Thematically organized, the book covers Jefferson’s longtime interest in surveying and land claims, including his involvement in the U.S. coast survey, the planning of the District of Columbia and the Virginia State Capitol and Monticello and U.Va.

“Jefferson was a surveyor. An educated man of the time on a plantation needed to know surveying. Jefferson was not as good as George Washington. Geography was considered the mother of all other sciences at the time. Jefferson’s library holdings on geography dwarf his collection on architecture—300 volumes in geography, including all the major atlases.

“He wanted the best practical information he could get. He understood maps were valuable for exploration and commerce.

“Jefferson was involved in every phase of the development of Washington, D.C. Pierre L’Enfant went first to Jefferson to see what to build. L’Enfant was hard to work with and Andrew Ellicott took over.”

Another chapter treats Virginia geography and Jefferson’s Notes on the State of Virginia.

“Jefferson’s only printed map was in Notes on the State of Virginia,” said Kovarsky. “It is composed of answers to a series of questions from a French ambassador. The vast majority of those had geographical components. It’s a geographical treatise.”

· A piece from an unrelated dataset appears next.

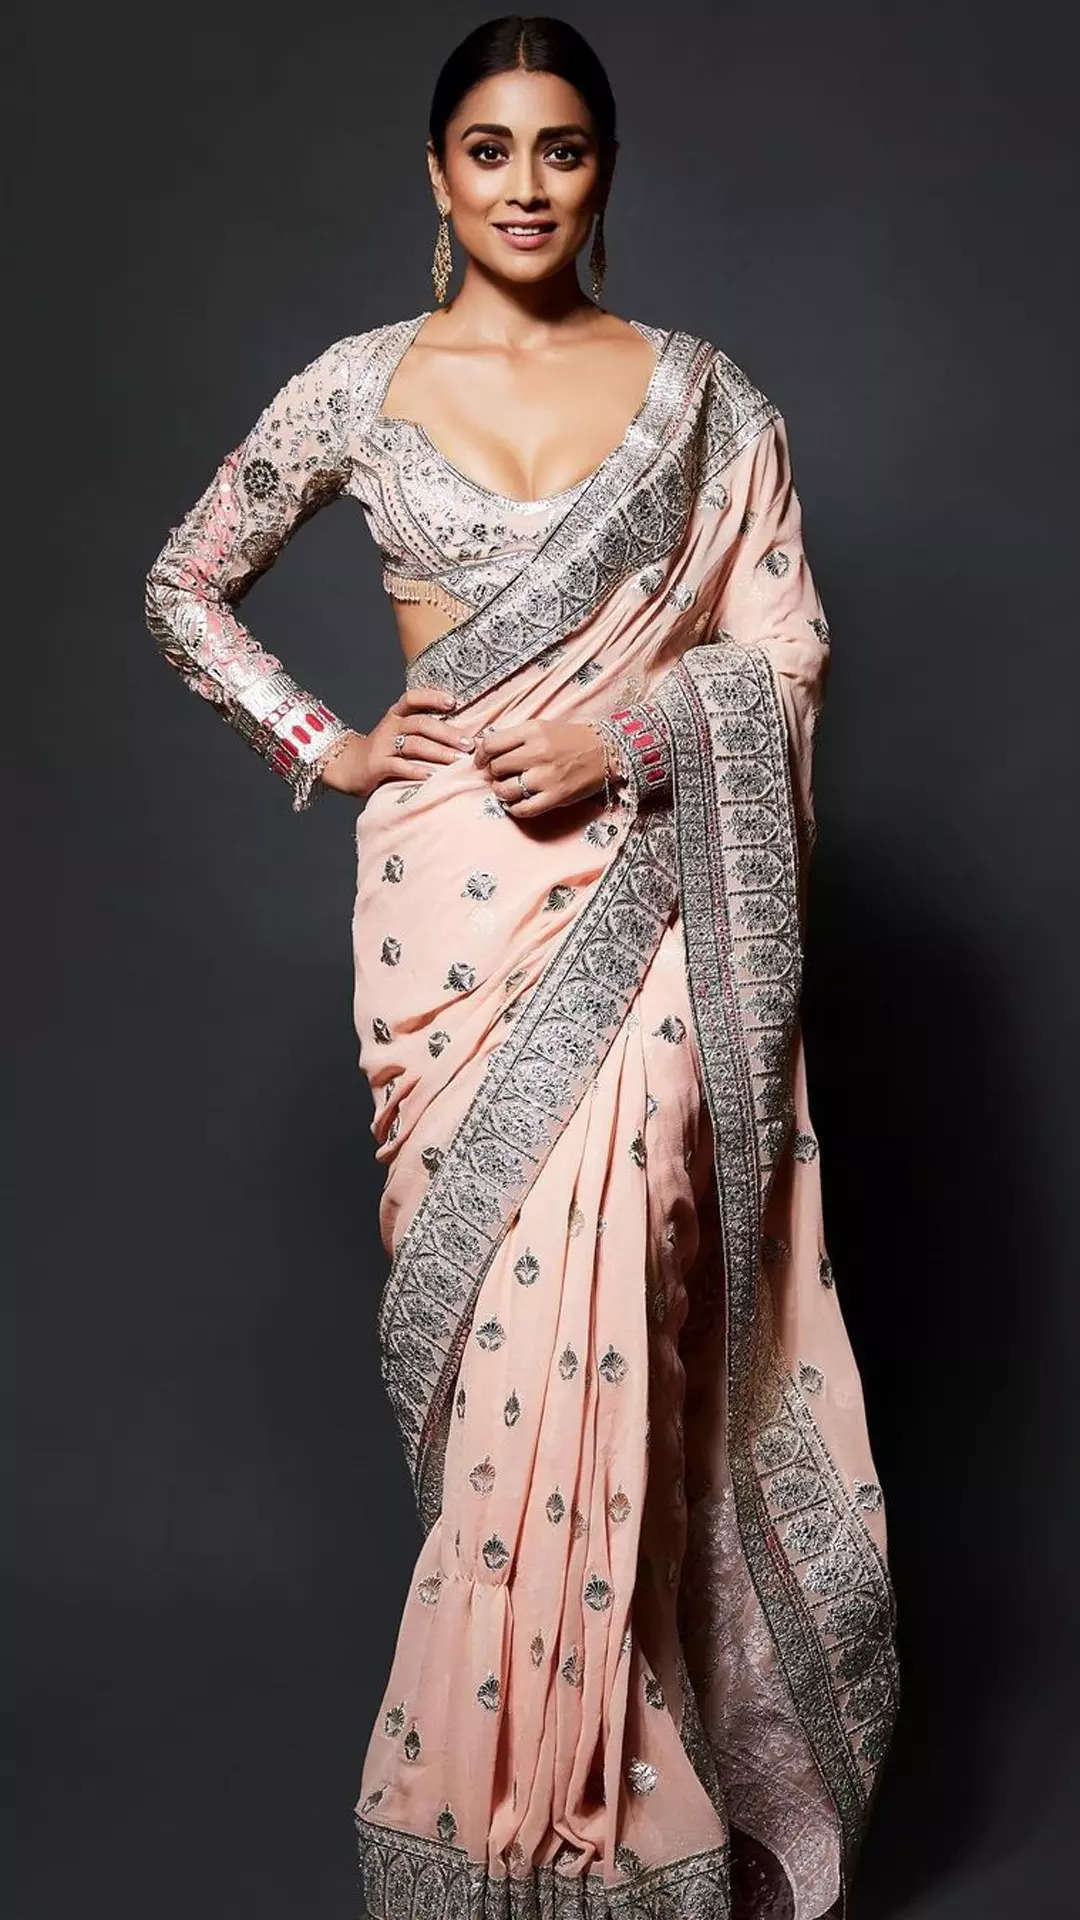 Shriya Saran gives us ethnic inspiration in Indo-Western blouse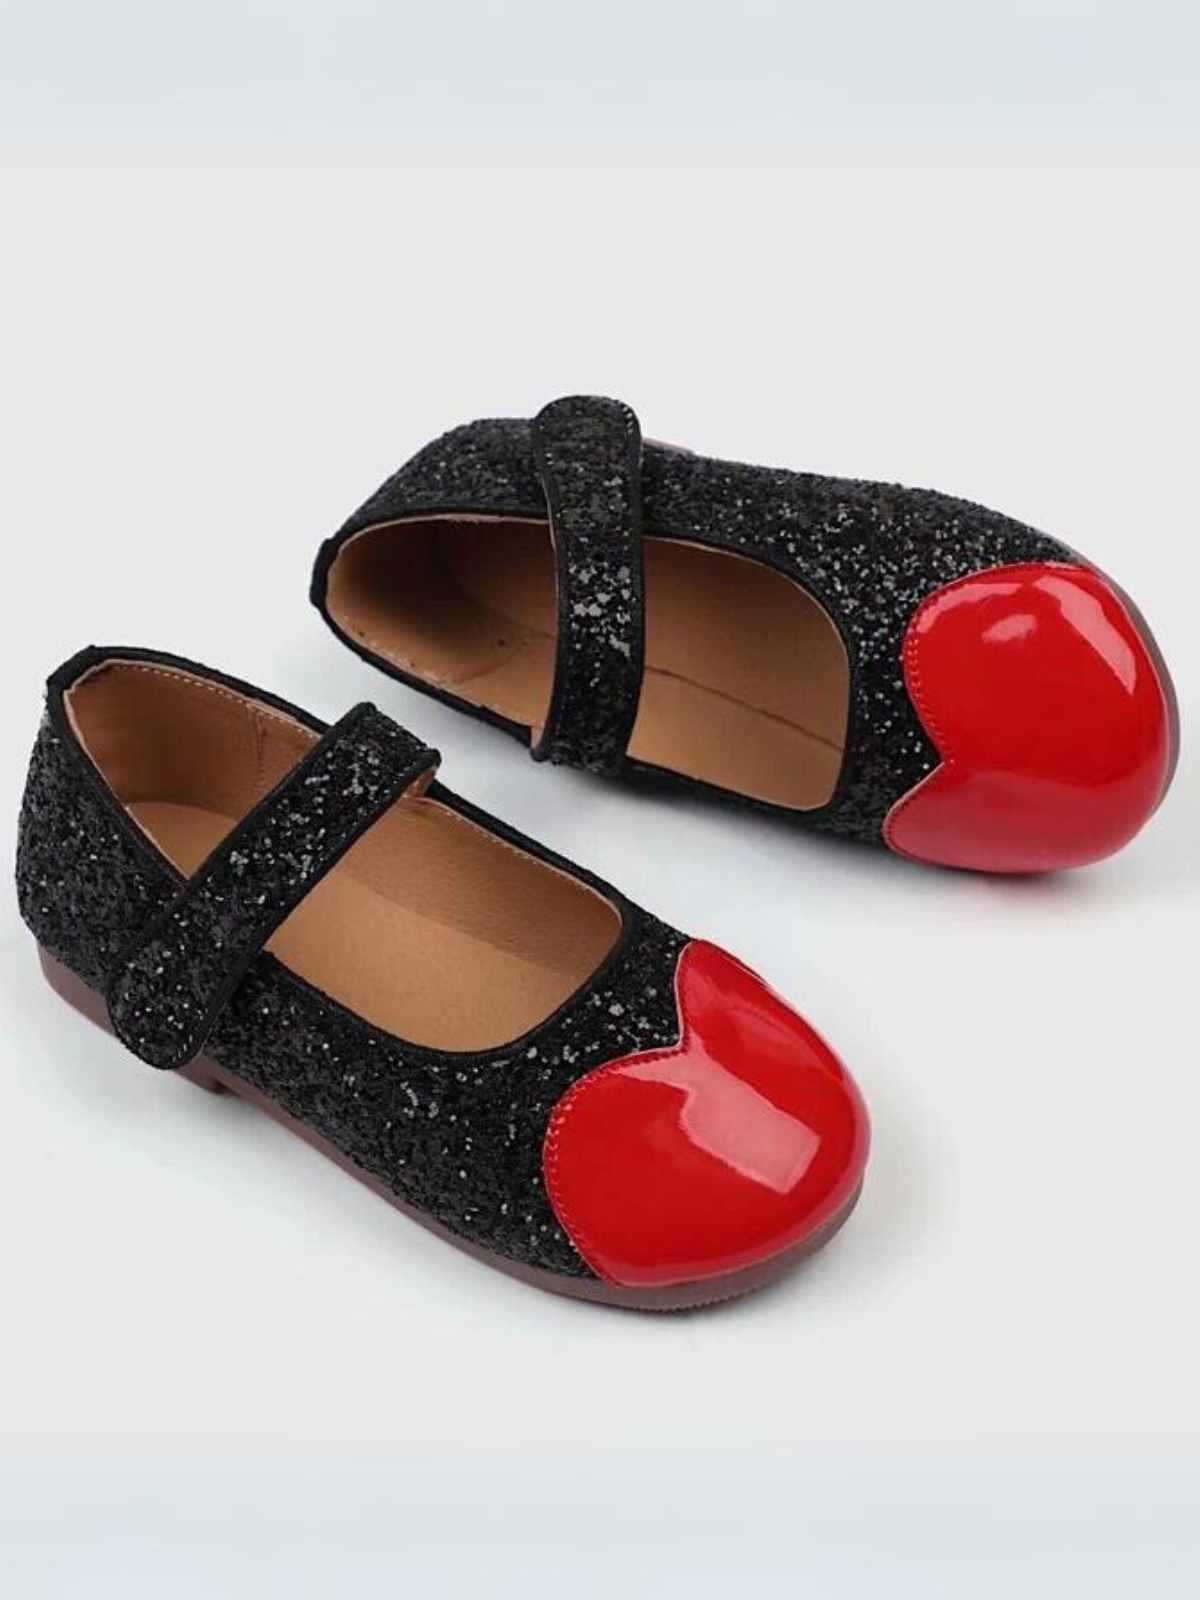 Mia Belle Girls Heart Toe-Cap Mary Janes | Shoes By Liv & Mia

Another chapter deals with Jefferson as an expedition planner. “Jefferson was one of the great expedition planners of his time—with Joseph Banks [the British naturalist who sailed on an exploration with Capt. James Cook and headed the Royal Society for more than four decades.] He knew the principles of the rights of discovery. He who holds the mouth of a river holds the watershed. Jefferson wanted to control the mouth of the Columbia. Clark did not have to be trained, but Ellicott trained Lewis.

“As foundational elements, maps were scaffolding for the rest of Jefferson’s life,” Kovarsky said. “Nobody has pulled it together in this way. It’s not earthshaking in terms of understanding Jefferson. They were a necessary but not sufficient element. Combine it with his other interests and you’re getting into the design of the University of Virginia.”